● Assignment
Only the stretch below from the line holding "Cupids arrows hd" through the line holding "DAVID YURMAN, Pure" should be restated, word for word and with both ends included; pictures stay out.

● Data under study
********************

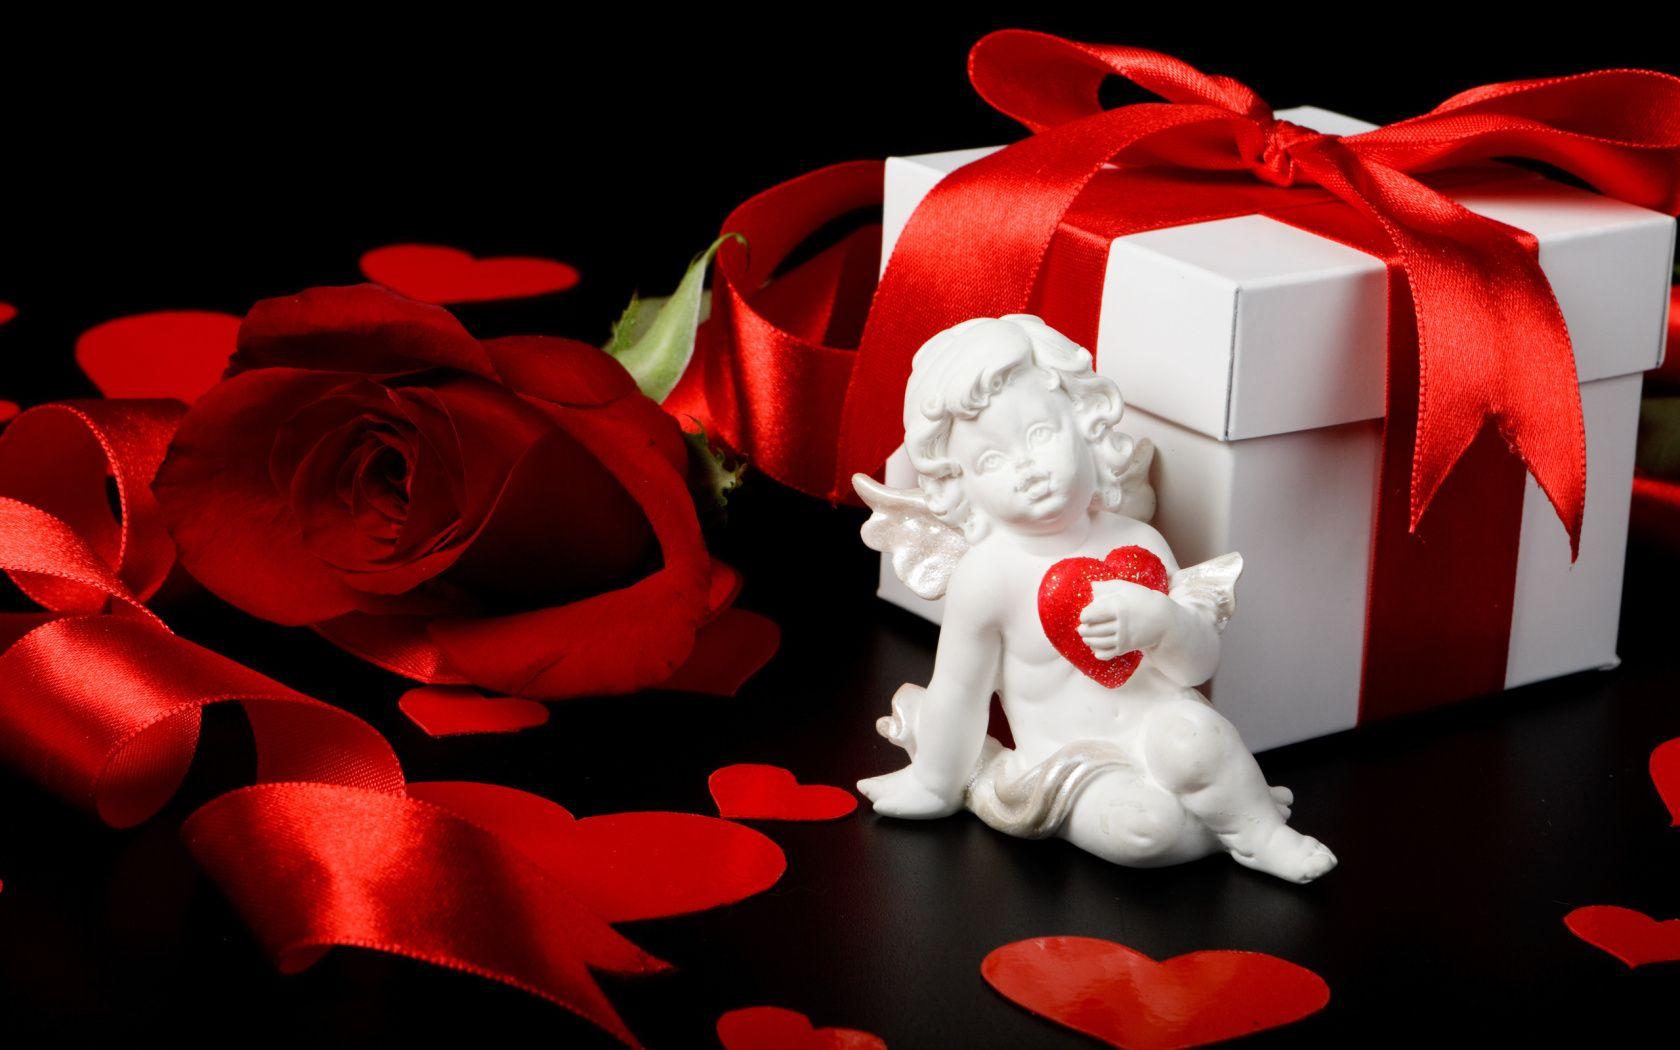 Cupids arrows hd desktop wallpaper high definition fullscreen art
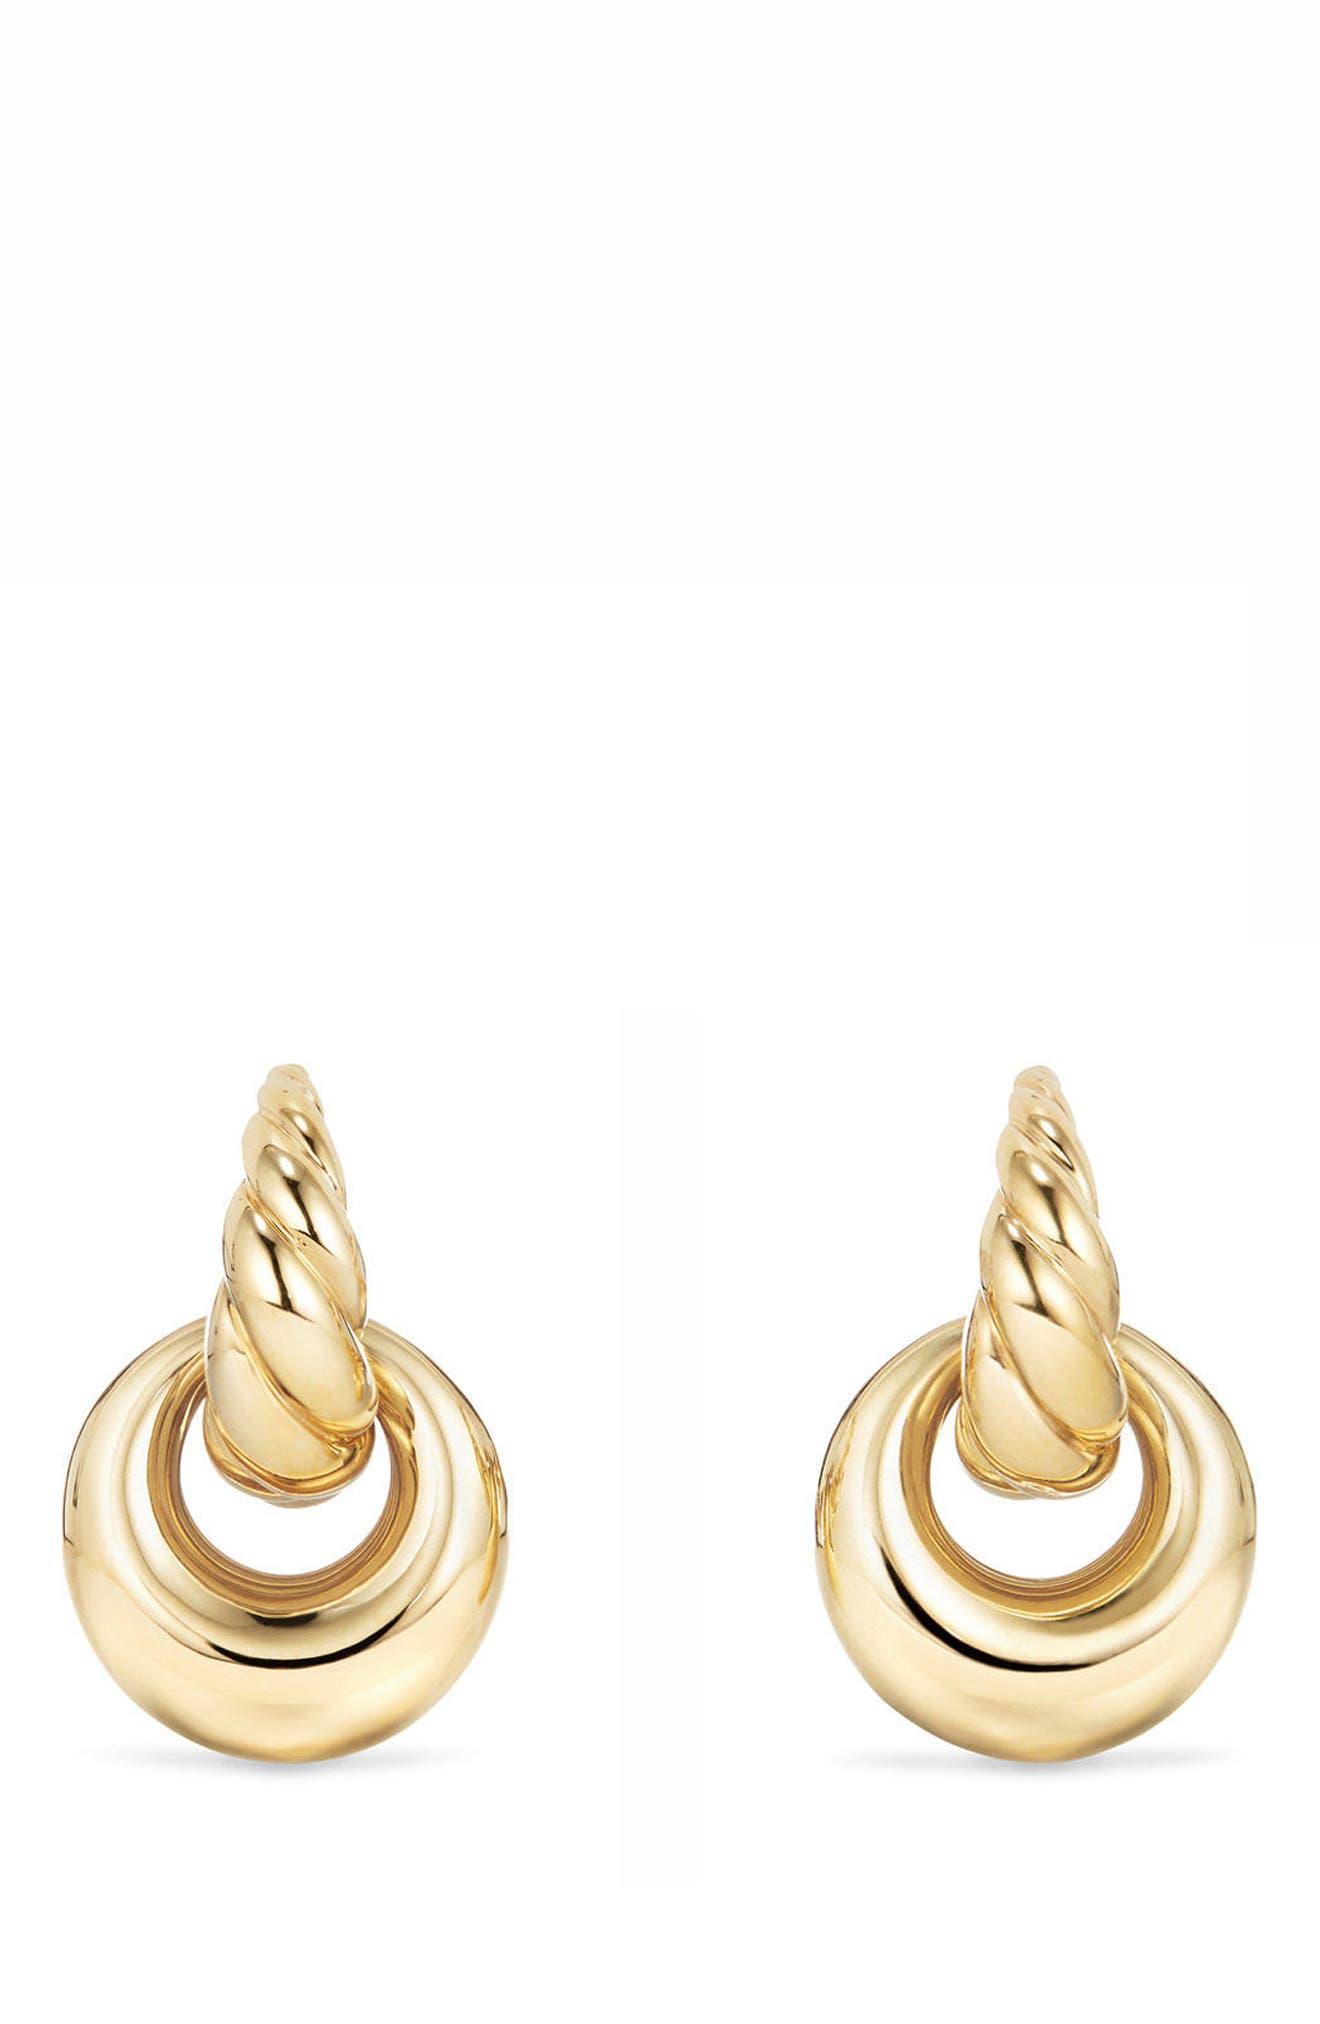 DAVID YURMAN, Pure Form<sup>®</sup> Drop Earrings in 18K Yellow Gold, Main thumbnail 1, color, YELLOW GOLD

********************

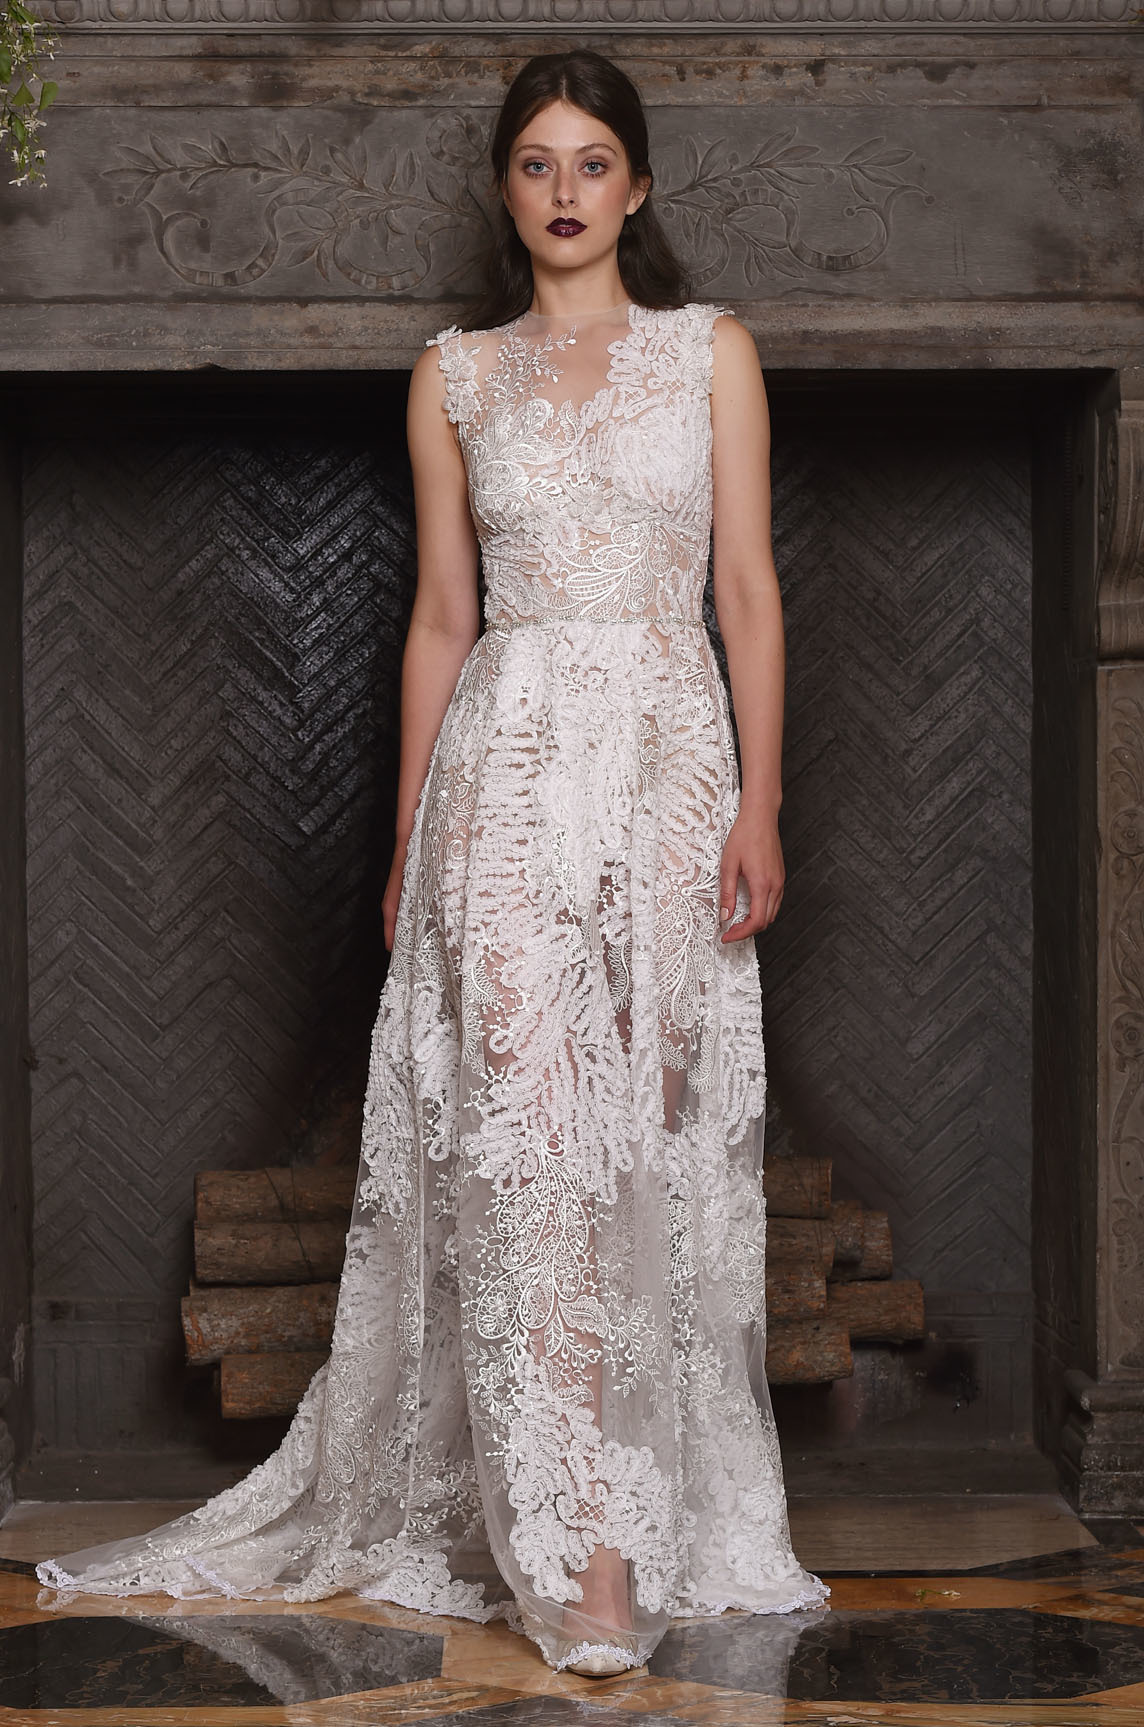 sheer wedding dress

********************

● Solution
 Cupids arrows hd desktop wallpaper high definition fullscreen art
 DAVID YURMAN, Pure Form<sup>®</sup> Drop Earrings in 18K Yellow Gold, Main thumbnail 1, color, YELLOW GOLD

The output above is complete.